Dann will ich auch mal


----------



## nopain-nogain (12. August 2016)

Weil alles andre maximal zum zentrieren taugt. Bin alles gefahren und besser als Lefty geht einfach nicht.


----------



## CreepingDeath (12. August 2016)

nopain-nogain schrieb:


> Weil alles andre maximal zum zentrieren taugt. Bin alles gefahren und besser als Lefty geht einfach nicht.

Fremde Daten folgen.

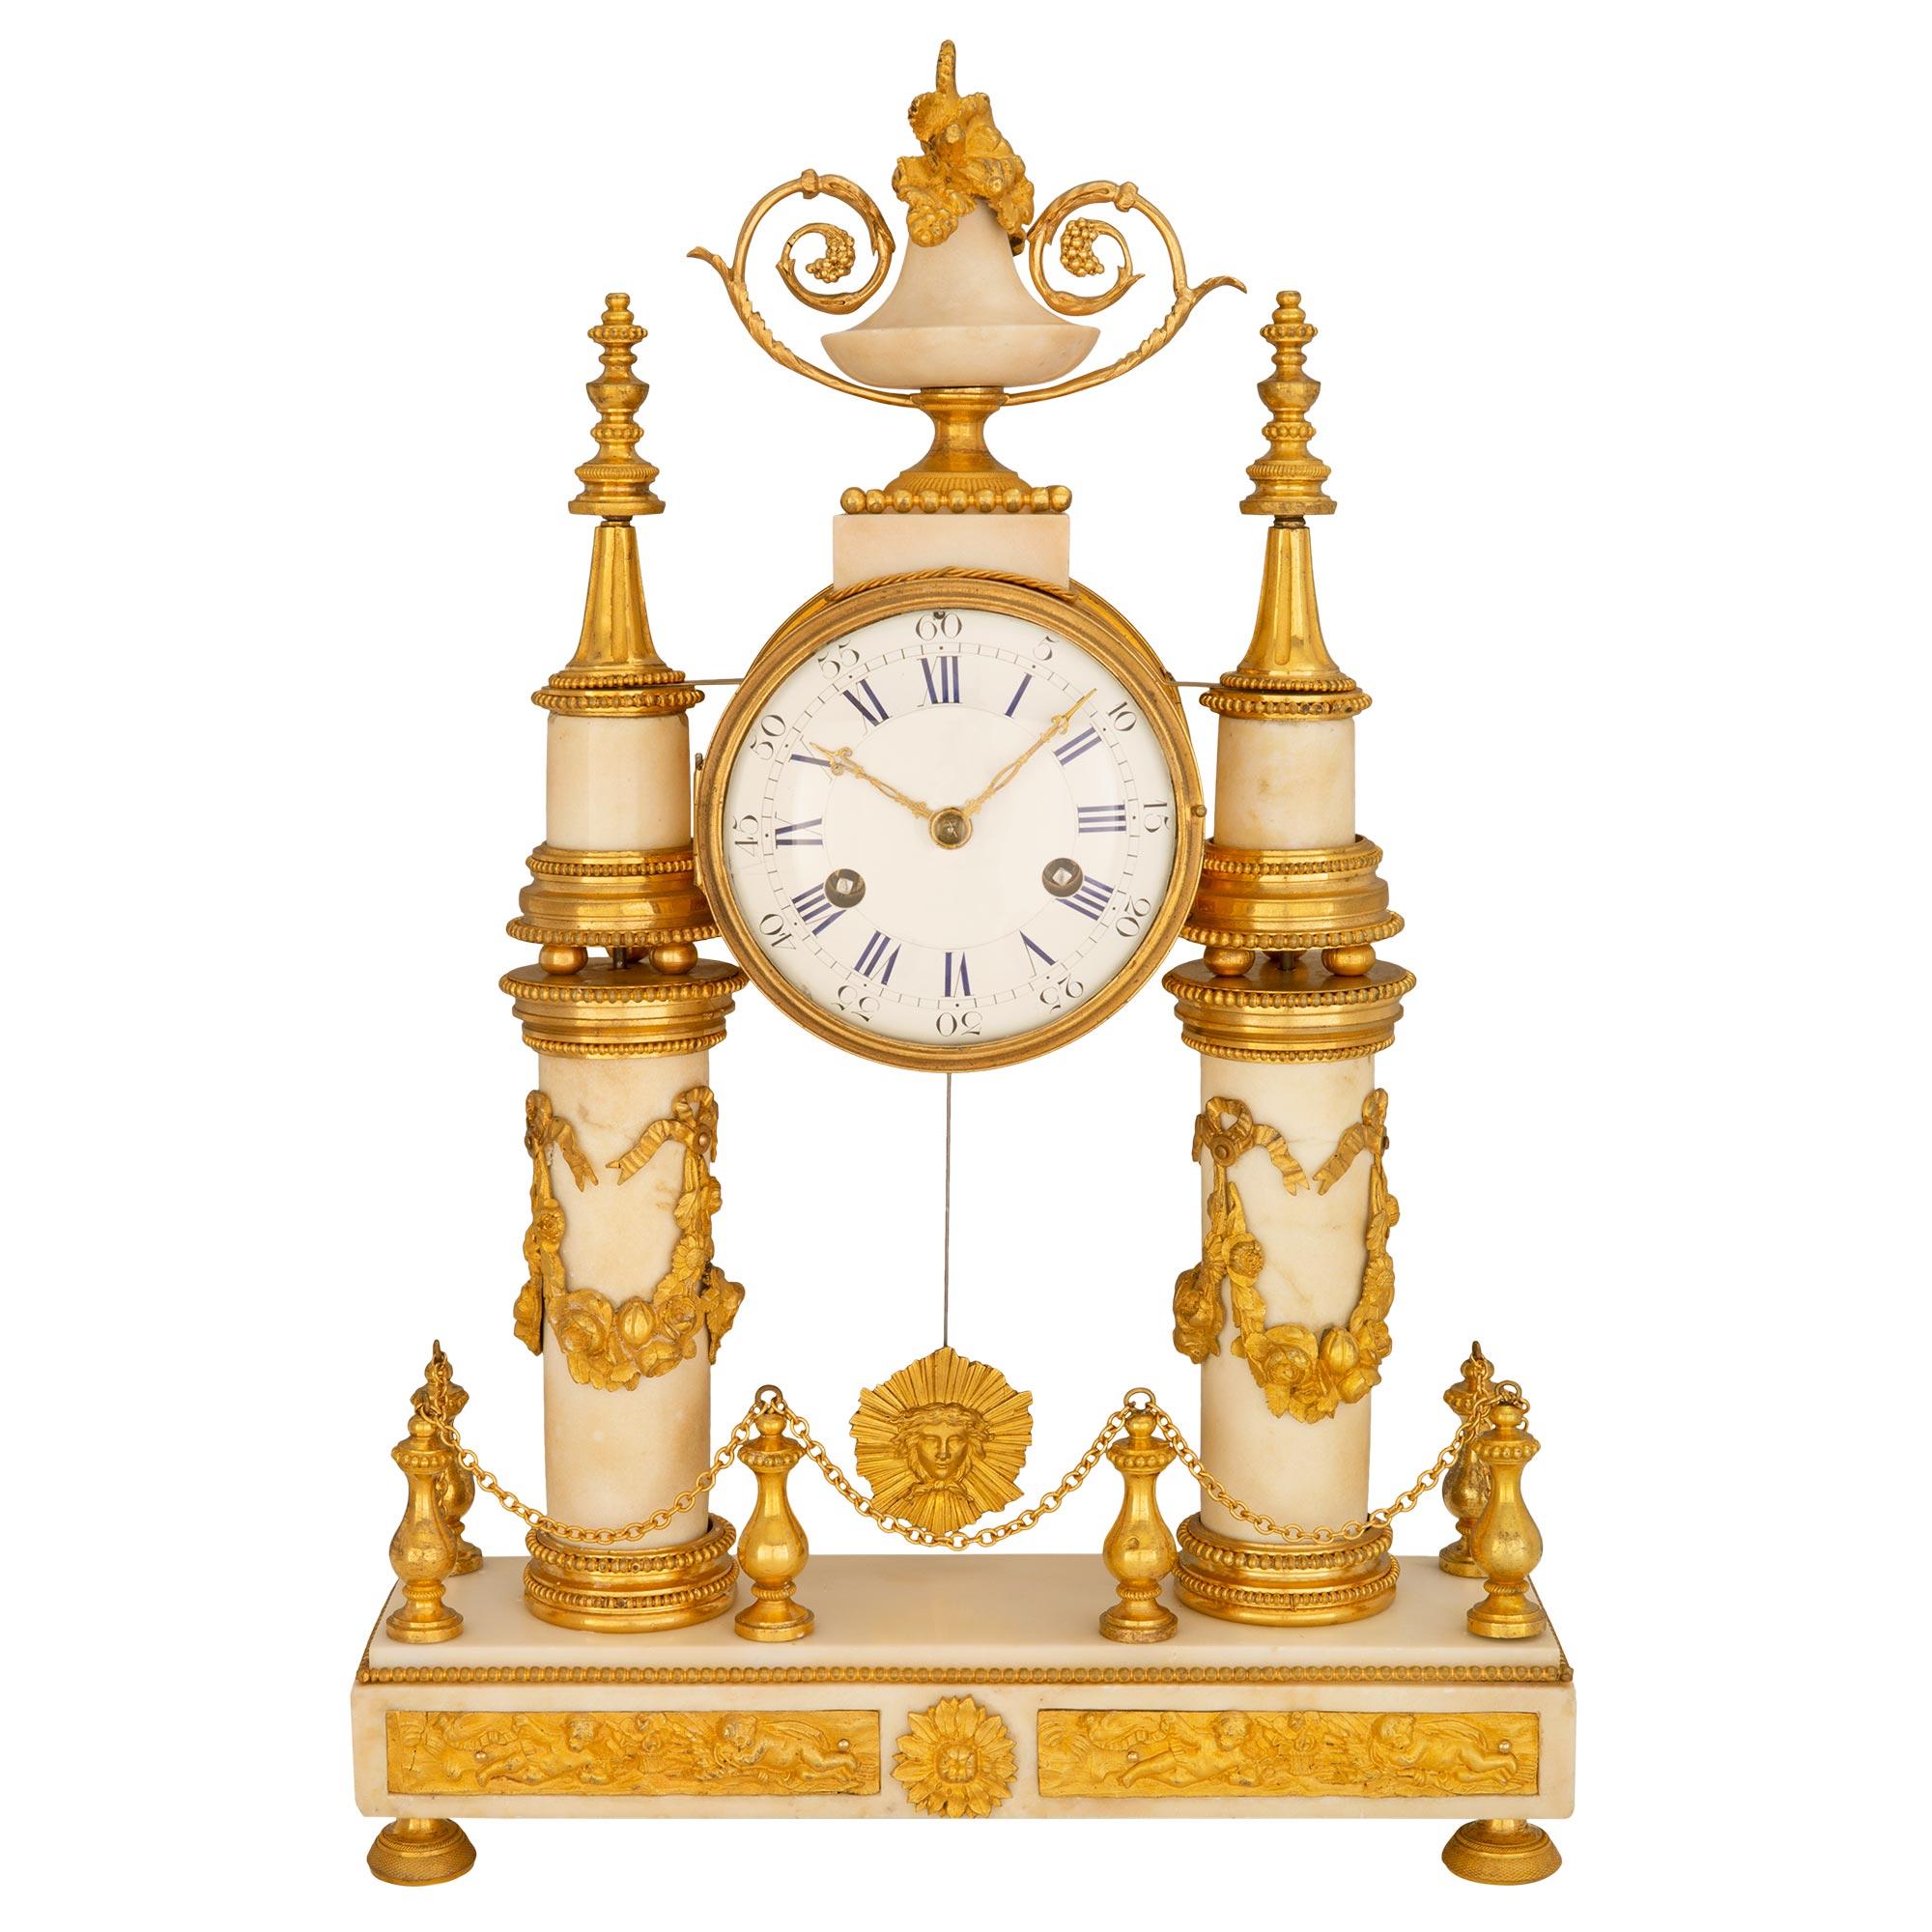 Eine exquisite französische Uhr aus dem frühen 19. Jahrhundert aus weißem Carrara-Marmor und Ormolu. Der rechteckige Marmorsockel mit Perlenbesatz und Plaketten im Clodion-Stil steht auf Ormolu-Stützen und wird von einer floralen Halterung

Hässlicher aber auch nicht. Insfoern finde ich den Threadtitel (Bilder-Threat) sehr treffend gewählt.
Schönes Wochenende!


----------



## Lefty88 (12. August 2016)

Na das ist aber wohl Geschmacksache  Ne RS1 ist jetzt auch nichts wo sich bei mir ein Tröpfchen löst...


----------



## alb (13. August 2016)

Moin!
Mein Santa Cruz mit Lefty Max Carbon XLR. Im Moment bei 120/105mm FW und etwa 9,5kg.


----------



## lupus_bhg (14. August 2016)

Da bin ich dabei...


----------



## MTB-News.de




----------



## Ampelhasser (16. August 2016)




----------



## daniel77 (16. August 2016)




----------



## Flo7 (18. August 2016)

Das war mein non Cannondale Lefty Bike:









lg flo


----------



## Lefty88 (19. August 2016)

Und zufrieden? Ich sehe zumeist die älteren Leftys an den non Cannondale Bikes - Grund? Der Preis der Gabel selbst? Ich würde die Lefty 2.0 in das Rocky bauen wollen..


----------



## nopain-nogain (19. August 2016)

Die alten Lefties sind einfach besser. Sprechen besser an, keine Hybridlagerung, leichter!
Das einzige sind die 137mm Brueckenabstand. Die sind bei nur 100mm Steuerrohr kacke. Das war auch der einzige Grund warum ich mit dem Gedanken gespielt habe eine 2.0er ans Cube zu bauen, war das die 120mm perfekt fuers 115mm Stuerrohr gepasst haette.
Aber die alte Alu ist leichter als die neue Carbon und mit dem einen Spacer kann ich Prima leben


----------



## lupus_bhg (19. August 2016)

Bei mir sind einfach die verschiebbaren Brücken der Grund  Leicht ist bei meiner leider gar nichts.


----------



## MTB-News.de




----------



## nopain-nogain (19. August 2016)

Du hast ja die ganz ganz alte  Hatte ich auch schon, bekommt man aber nicht mehr


----------



## Lefty88 (19. August 2016)

Ok, für´s RM passte die 2.0er Lefty perfekt. Ich fahre diese ja am Cannondale FSi Team und muss sagen ich bin hier auch mit dem 2015er Carbon Modell sehr zufrieden, spricht top an (ok sie war bei 88+).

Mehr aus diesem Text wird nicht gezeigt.